# in need of small project idea with exotic woods



## golfer12 (Jul 23, 2013)

so I have some pieces of extra wood and I need an idea for a project. Here is a list of the wood I have:
2 pieces of Zebrawood that is 12" by 7 " by 1/2" 
2 pieces of Bubinga that is 12" by 7 1/2" by 1/2" 
16 pieces of African Mahogany that is 13 1/2" by 1 3/4" by 1" 
16 pieces of African Mahogany that is 9 1/4" by 1 3/4" by 1" 
1 piece of Brazilian Cherry that is 11" long by 8" by 3/4" 
1 piece of Brazilian Cherry that is 11 1/2" long by 5 3/4" by 3/4" 
1 piece of Bubinga that is 11 1/2" by 7" by 3/4"

I know I can make some cutting boards but was wondering if anyone else had some ideas/plans/projects. I would greatly appreciate it! Most of the wood is already sanded, I do have a biscuit joiner but no planer. Happy Holidays!


----------



## JustJoe (Oct 26, 2012)

You could probably find an intarsia project to do, or a ton of pens on the lathe, or save them as accent pieces for bigger projects, or resaw into thinner and make some nice small boxes. Seems like a bit of a waste to just make something to use the wood up, rather than waiting for a project to come along that fits the wood.

And then there is this magical 4-dimensional piece:
*1 piece of Bubinga that is 11 1/2" by 7" by 1"by 3/4"*

??


----------



## golfer12 (Jul 23, 2013)

I updated the post lol. Thanks. I do not have a lathe or scroll saw. I was thinking of something other than cutting boards.


----------



## MisterBill (Mar 27, 2012)

Why don't you make jewelry boxes? They are fairly easy and quick to make.

Zebra wood sides and a Wenge top is a great combination. If you are interested in trading some of your Zebra wood for Wenge, then let me know.


----------



## ScaleShipWright (Mar 28, 2013)

start a small production of hand tools (try squares, bevel & marking gauges, tracing knives etc.), they look too good made with those exotic woods.


----------



## mbs (May 8, 2010)

see the "under my thumb" project by shopdog. I made a bunch of them with cutoffs.


----------



## BentheViking (May 19, 2011)

Ive been earmarking small projects for my brother to do.

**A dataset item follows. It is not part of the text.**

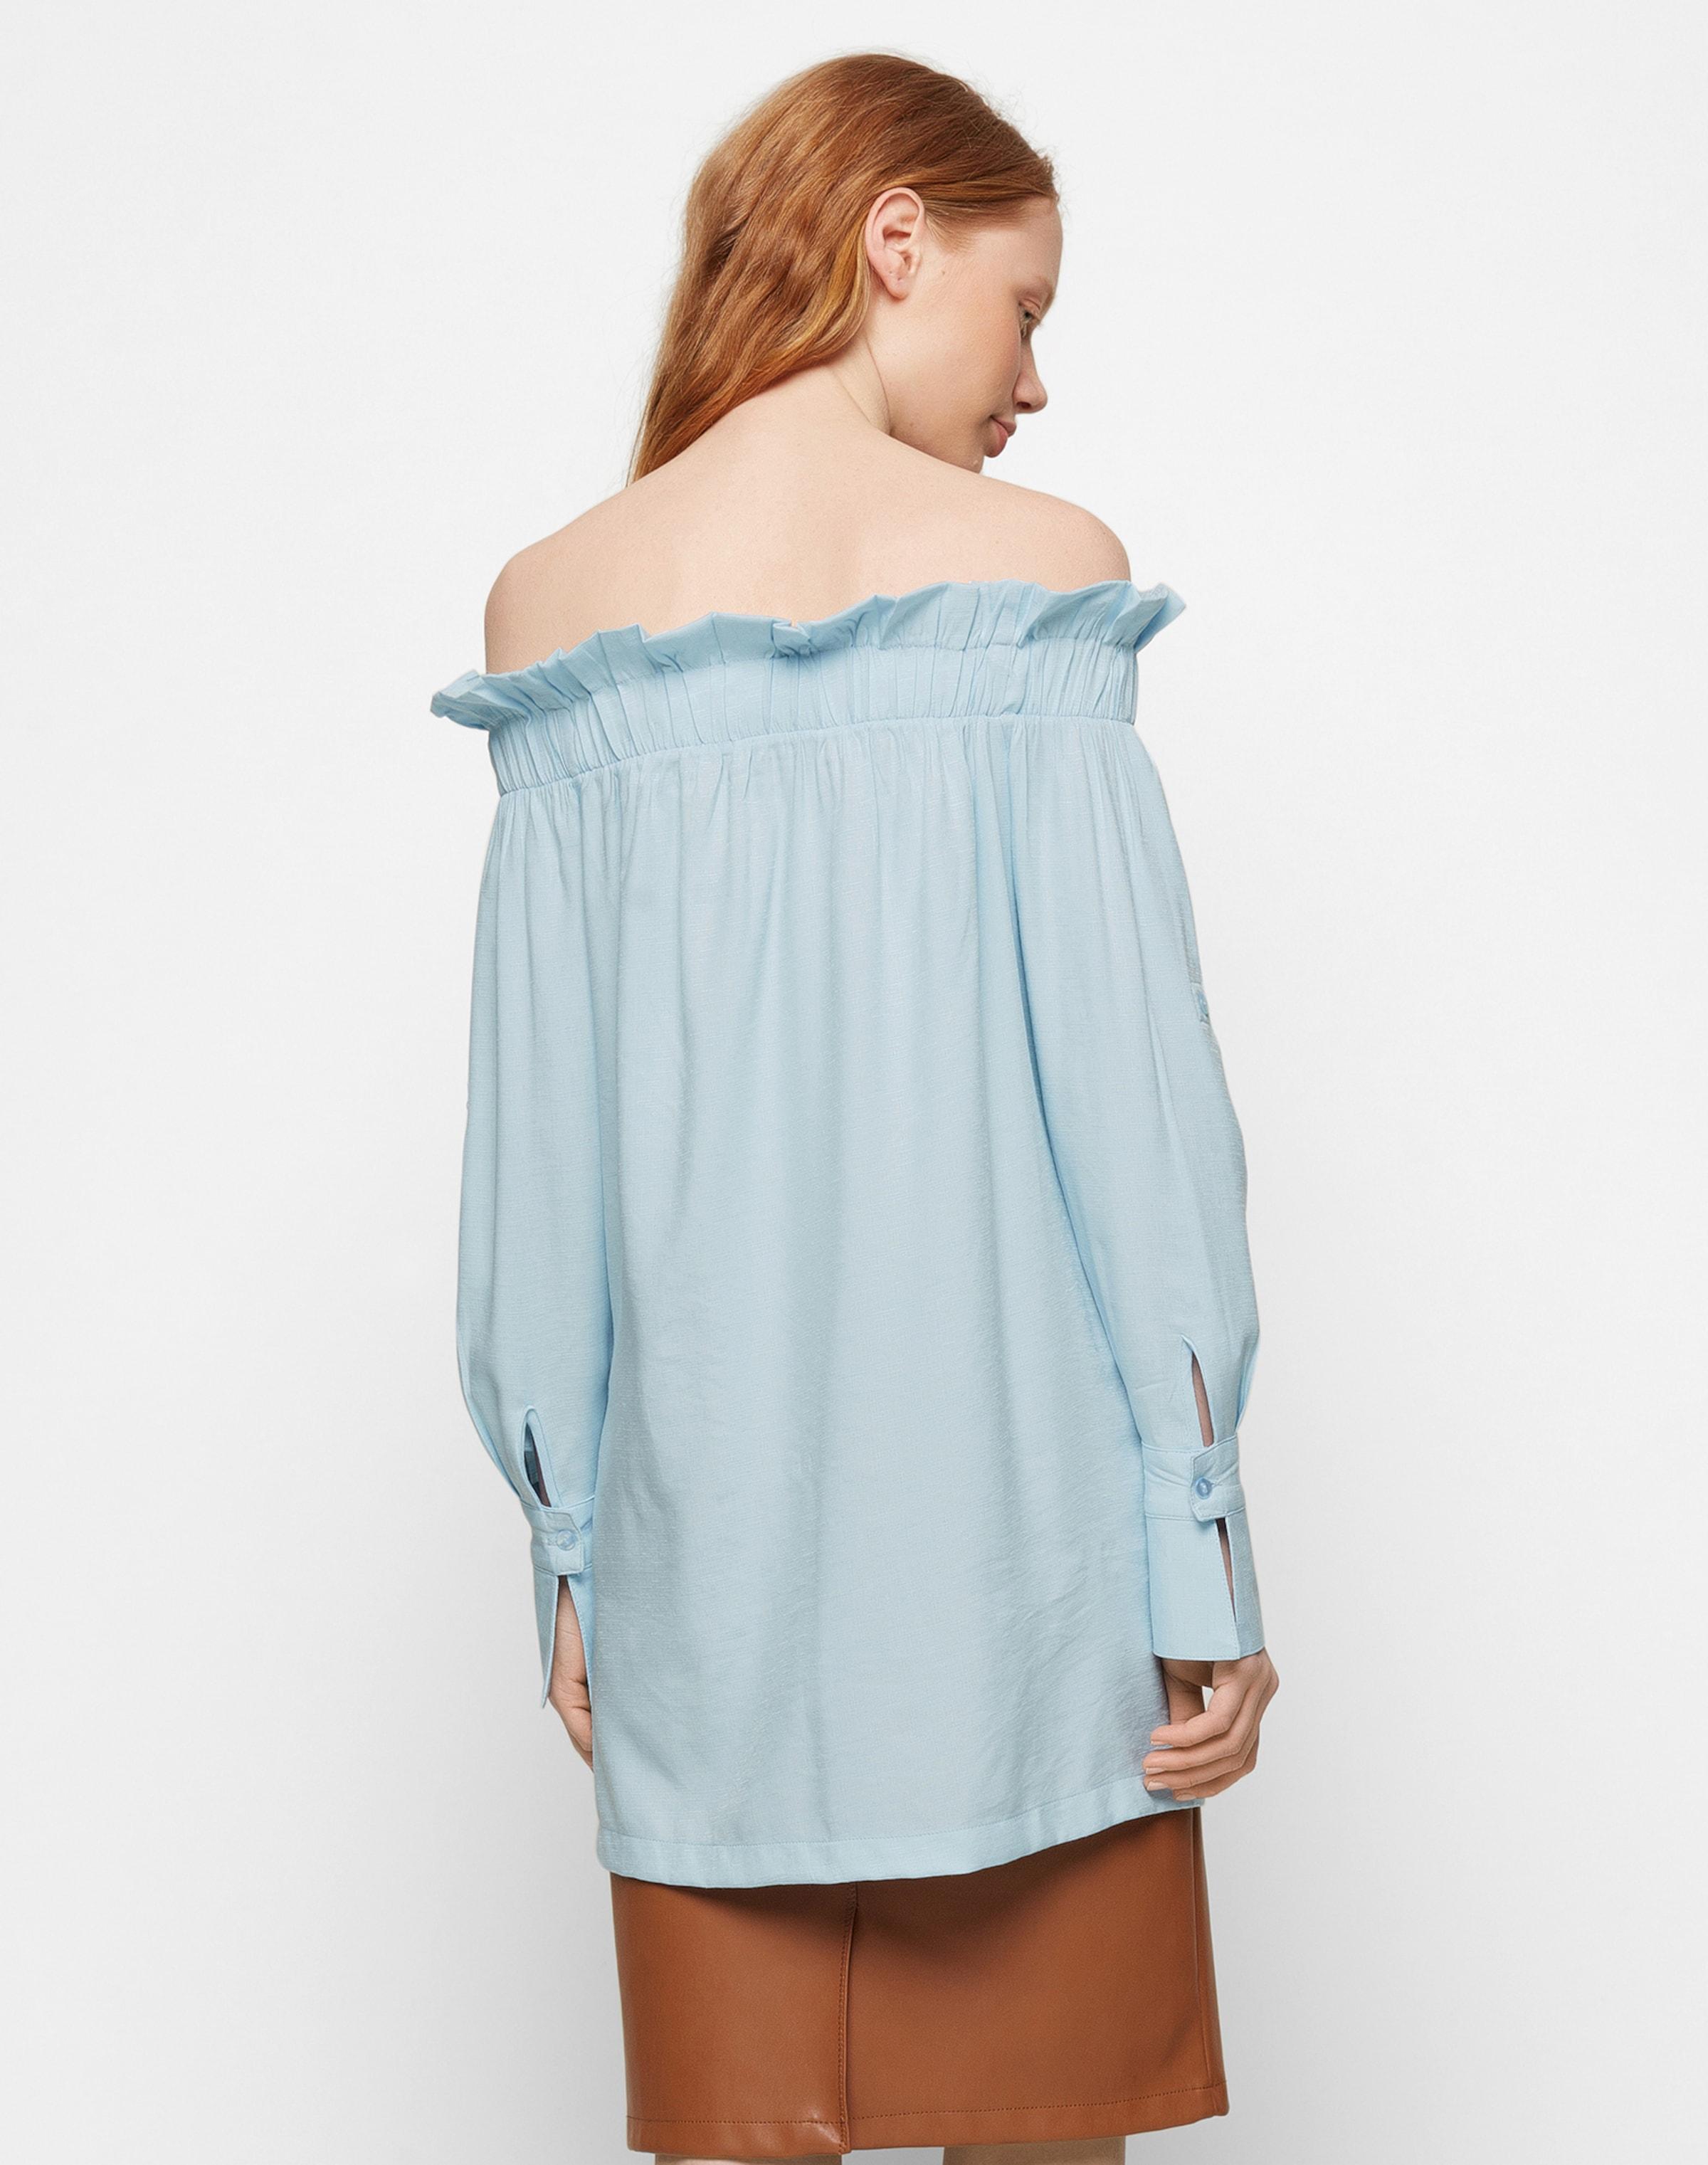 Off MINKPINK Off Off Kleid Shoulder MINKPINK Off MINKPINK Shoulder Shoulder Shoulder Kleid MINKPINK Kleid Kleid 7FFUqwR

Here is my current list:

Maple/Walnut candle holder-http://lumberjocks.com/projects/92951
Mallet-http://lumberjocks.com/projects/92924
Box-http://lumberjocks.com/projects/93163
Bandsaw box
Magic wine bottle holder-http://lumberjocks.com/projects/92282
Coat rack with cubbies- http://lumberjocks.com/projects/92293
Beer holder-http://lumberjocks.com/projects/91956
Arts and Crafts bookshelf-http://lumberjocks.com/projects/91856
Cribbage Board
Magnetic Bottle opener-http://lumberjocks.com/projects/91674
Pizza Peel
Corn hole boards
Tavern mirror-http://lumberjocks.com/projects/91674
Time bomb clock-http://lumberjocks.com/projects/90786
Iphone dock-http://lumberjocks.com/projects/90254
Flag case-http://lumberjocks.com/projects/90085
Marshmellow shooter-http://lumberjocks.com/projects/93081
Cutting board for over sink-http://lumberjocks.com/projects/93255
Wine glass holder-http://lumberjocks.com/projects/93236
Paper towel holder-http://lumberjocks.com/projects/86052
Business card holders-http://lumberjocks.com/projects/93352
End Grain cheese tray-http://lumberjocks.com/projects/93462
Cheese and cracker tray with dip bowl-http://lumberjocks.com/projects/93470
Tool Tote-http://lumberjocks.com/projects/94027


----------



## MT_Stringer (Jul 21, 2009)

These guys are 11 inches long x 6 1/2 inches wide…your 1/2 inch thick wood would look right at home sitting on the kitchen counter with an ipad mini sitting on it.
http://lumberjocks.com/projects/94066


----------



## golfer12 (Jul 23, 2013)

thank you for all the ideas, ill post pictures when i finish them


----------